85 F.2d 394 | 7th Cir. | 1936

PER CURIAM.

An indictment was returned in the District Court, charging fifteen defendants in forty-four counts, with the use of the mails in the execution of a scheme to defraud and in obtaining money and property by means of false and fraudulent representations,- in violation of section 215 of the Criminal Code (18 U.S.C.A. § 338); the indictment also charged the same defendants in one count with a violation of the conspiracy statute, section 37 of the Criminal Code (18 U.S.C.A. § 88). Of the fifteen indicted, eleven were tried, eight acquitted, and the three appellants were convicted on eighteen counts, including the conspiracy count. All three were given penitentiary sentences and' fines.

Thirteen reasons are advanced by appellants why the. judgment of the District Court should be reversed, some eight of which refer to rulings of the trial court on the admission or exclusion of evidence and the sufficiency of the evidence to support the verdict. No good purpose would be served by a discussion of these questions, as an examination of the record convinces us that no substantial error has intervened in this respect and that the verdict is entirely responsive to the evidence.

It is argued that there was a misjoinder of counts in the indictment and that appellants were charged with and convicted of several separate and distinct offenses, some of which may have been committed by some defendants at one time and some by other defendants at a different time. We are unable to accept this reasoning for we believe that the indictment charged in varying language one general scheme to- defraud, and the various acts shown by the evidence were but separate manifestations of the same general scheme.

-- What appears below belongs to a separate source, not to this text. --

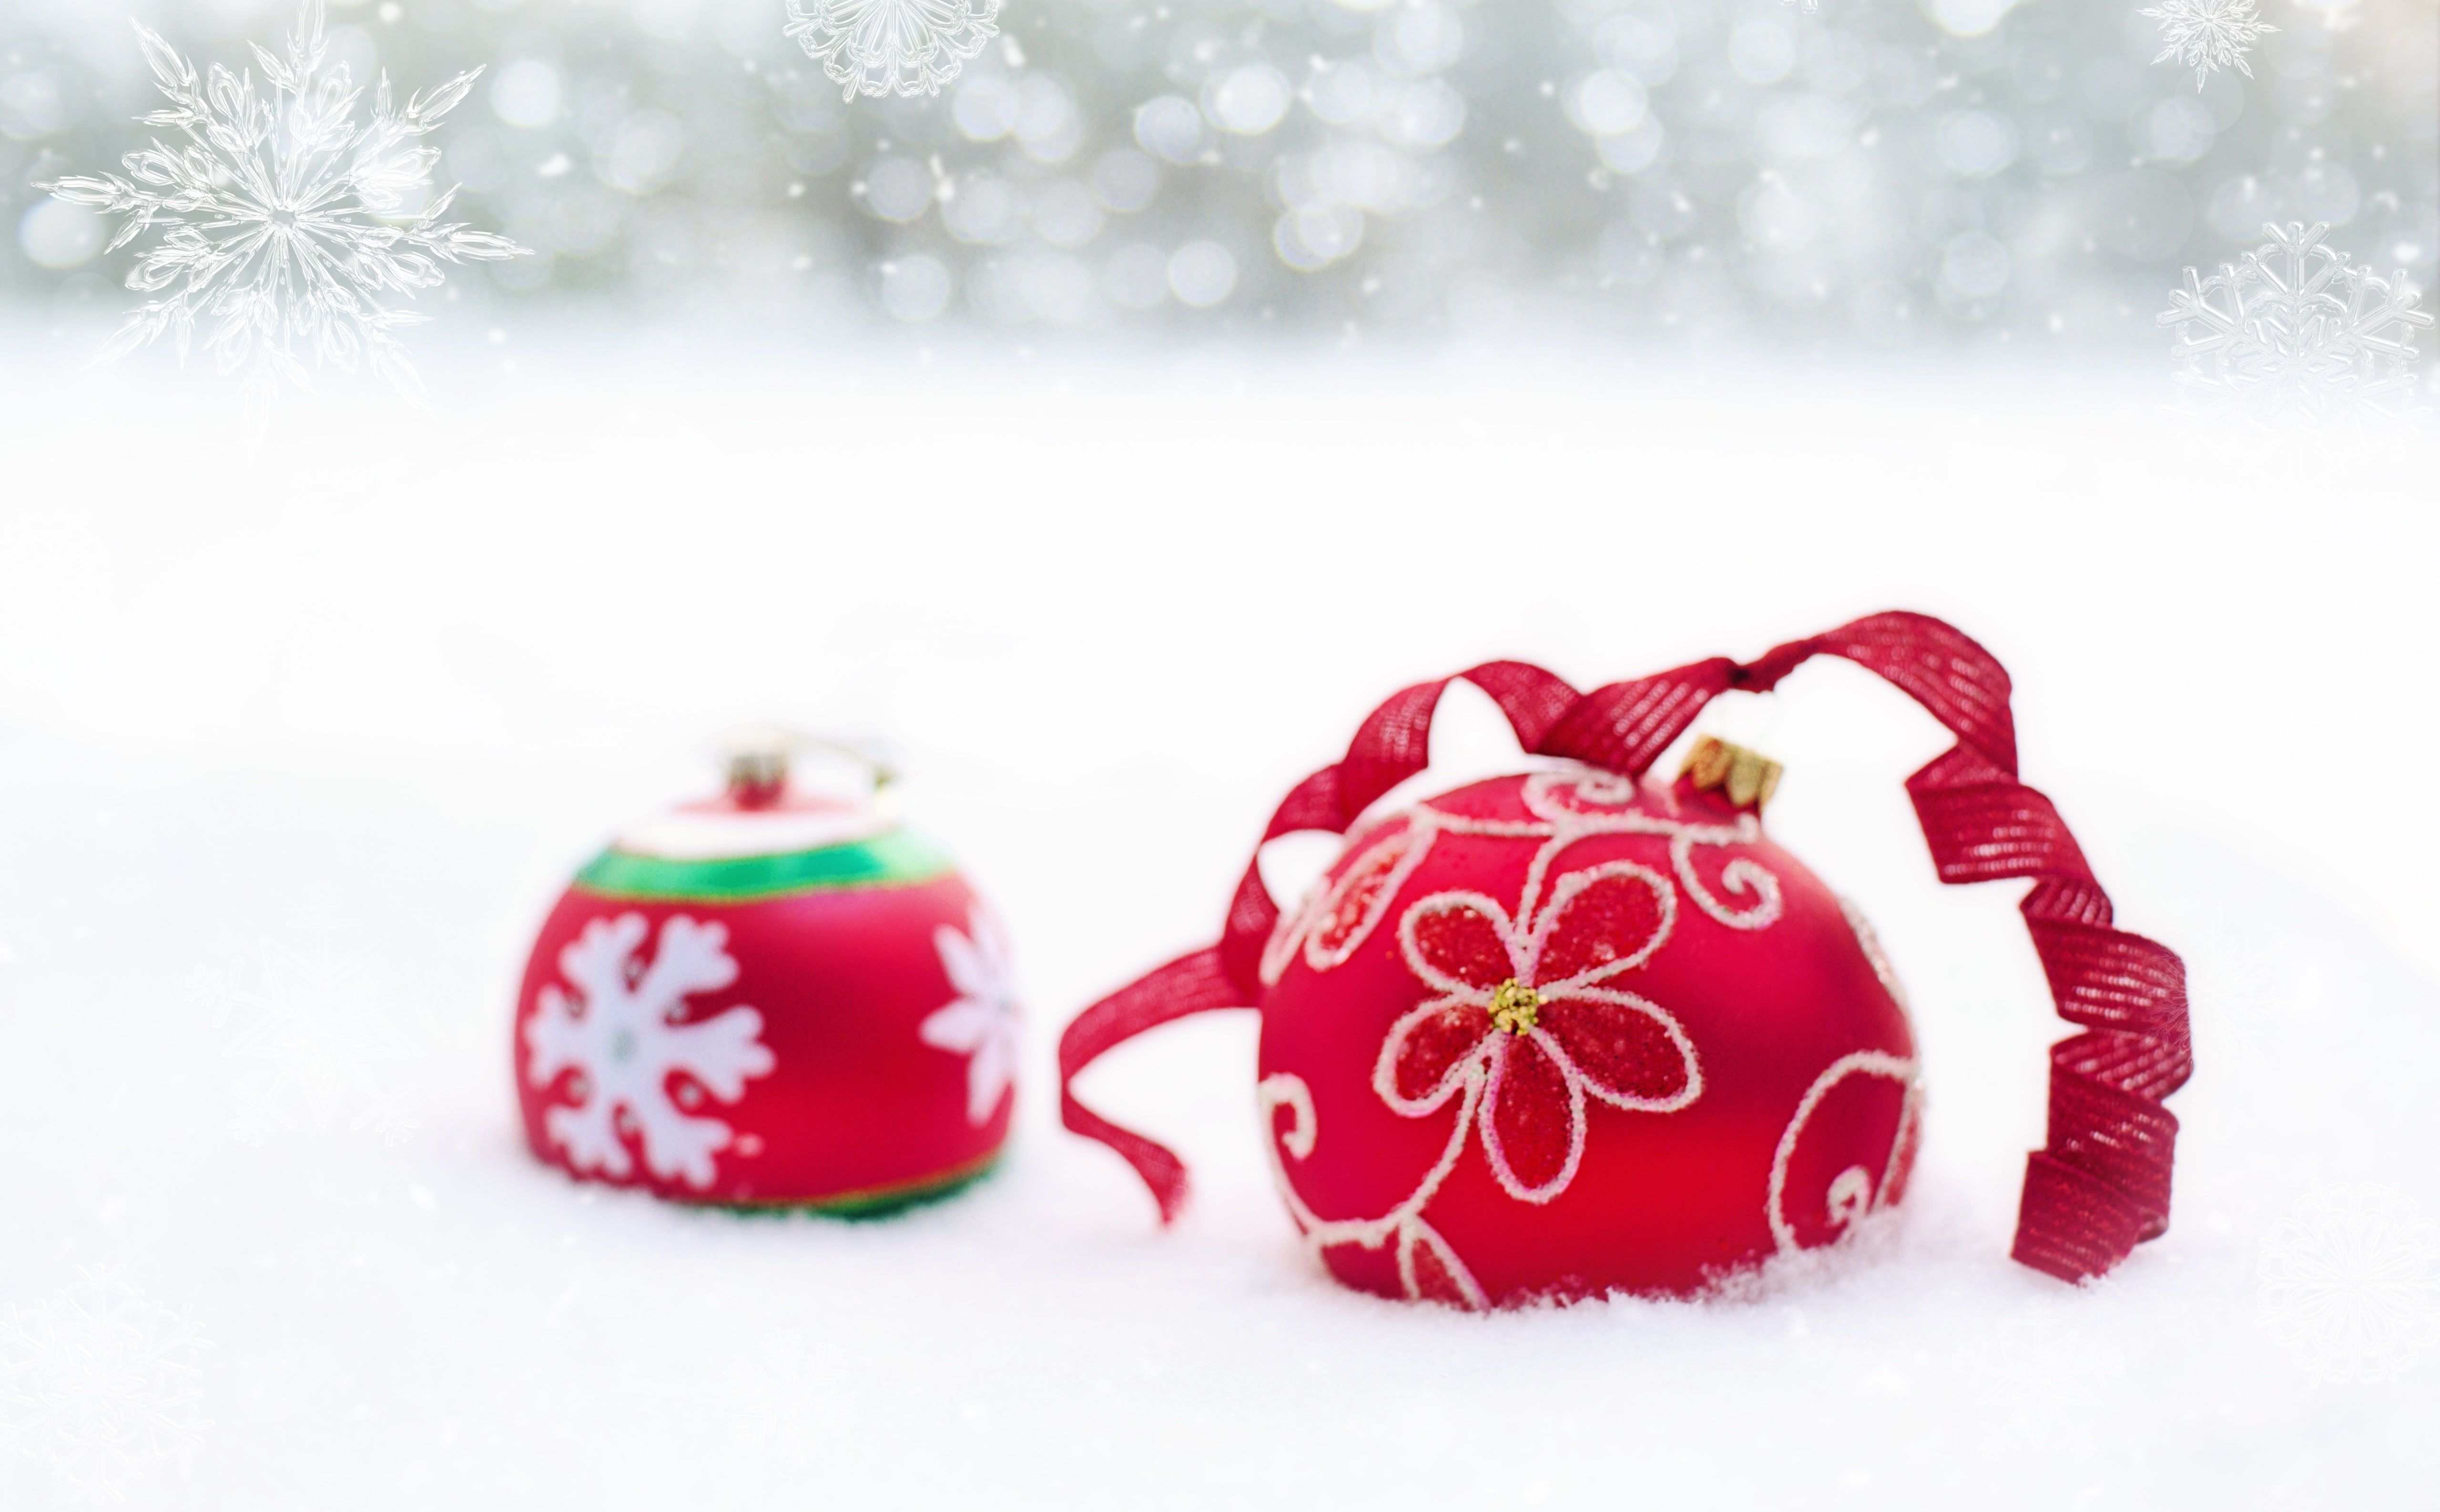 New Year Red Ornaments, Holidays, Beautiful, Winter, White, Amazing
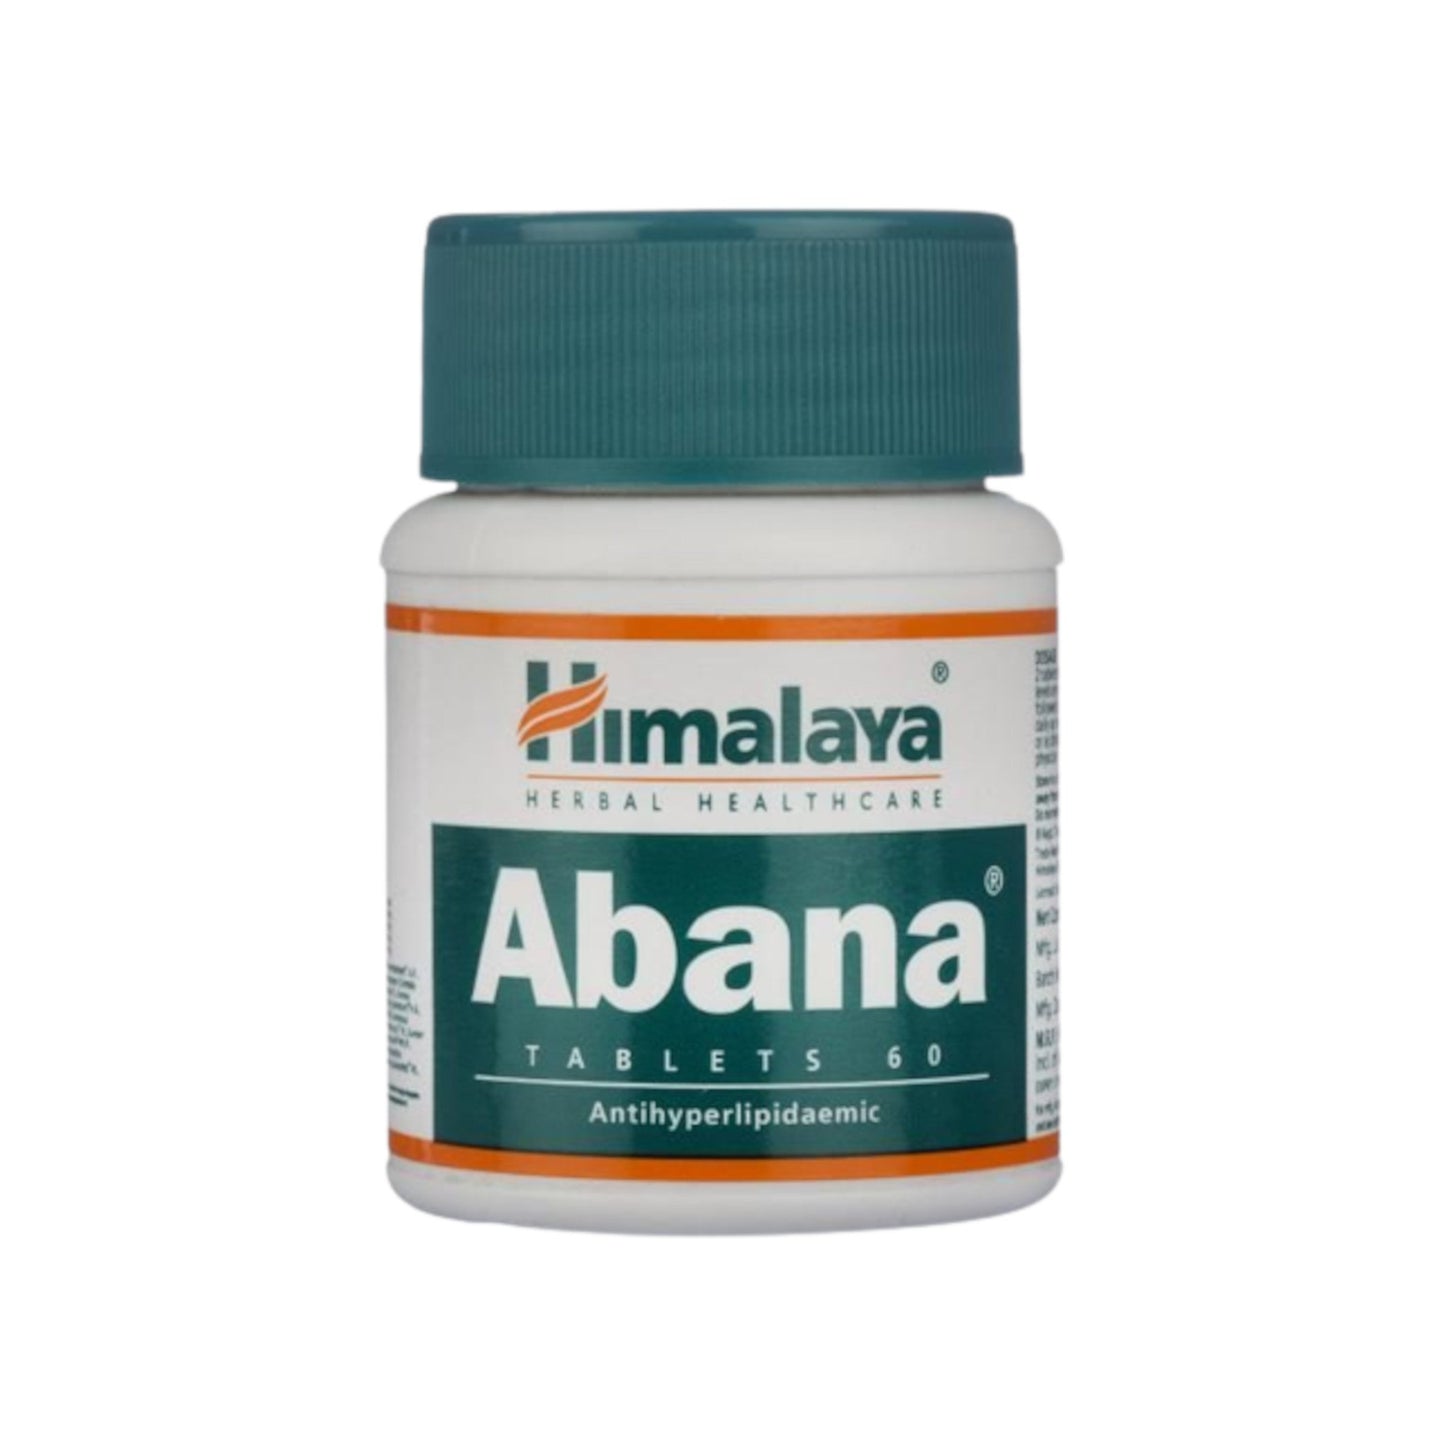 Image: Himalaya Abana 60 Tablets - Ayurvedic heart health support for blood pressure, cholesterol, and stress relief.

Other assignments refer to alleged prejudicial statements and conduct of the District Attorney, the sufficiency of the indictment, and the propriety of permitting an indictment to go to the jury which referred to the persons alleged to have been defrauded as “victims.” Some language used by the District Attorney in his opening statement and in the argument was ill-advised and neither do we approve the word “victims” as used in the indictment, yet we are not convinced that such irregularities reacted to the prejudice of the appellants. The test on the whole is whether the appellants have had a fair trial within the purview of their constitutional guaranties. This, we believe, they have had. While it is asserted that both the jury and the court were actuated by prejudice, a careful study of the record convinces us that not only was the verdict a proper one, but that justice has been tempered with mercy.

The judgment of the District Court is affirmed.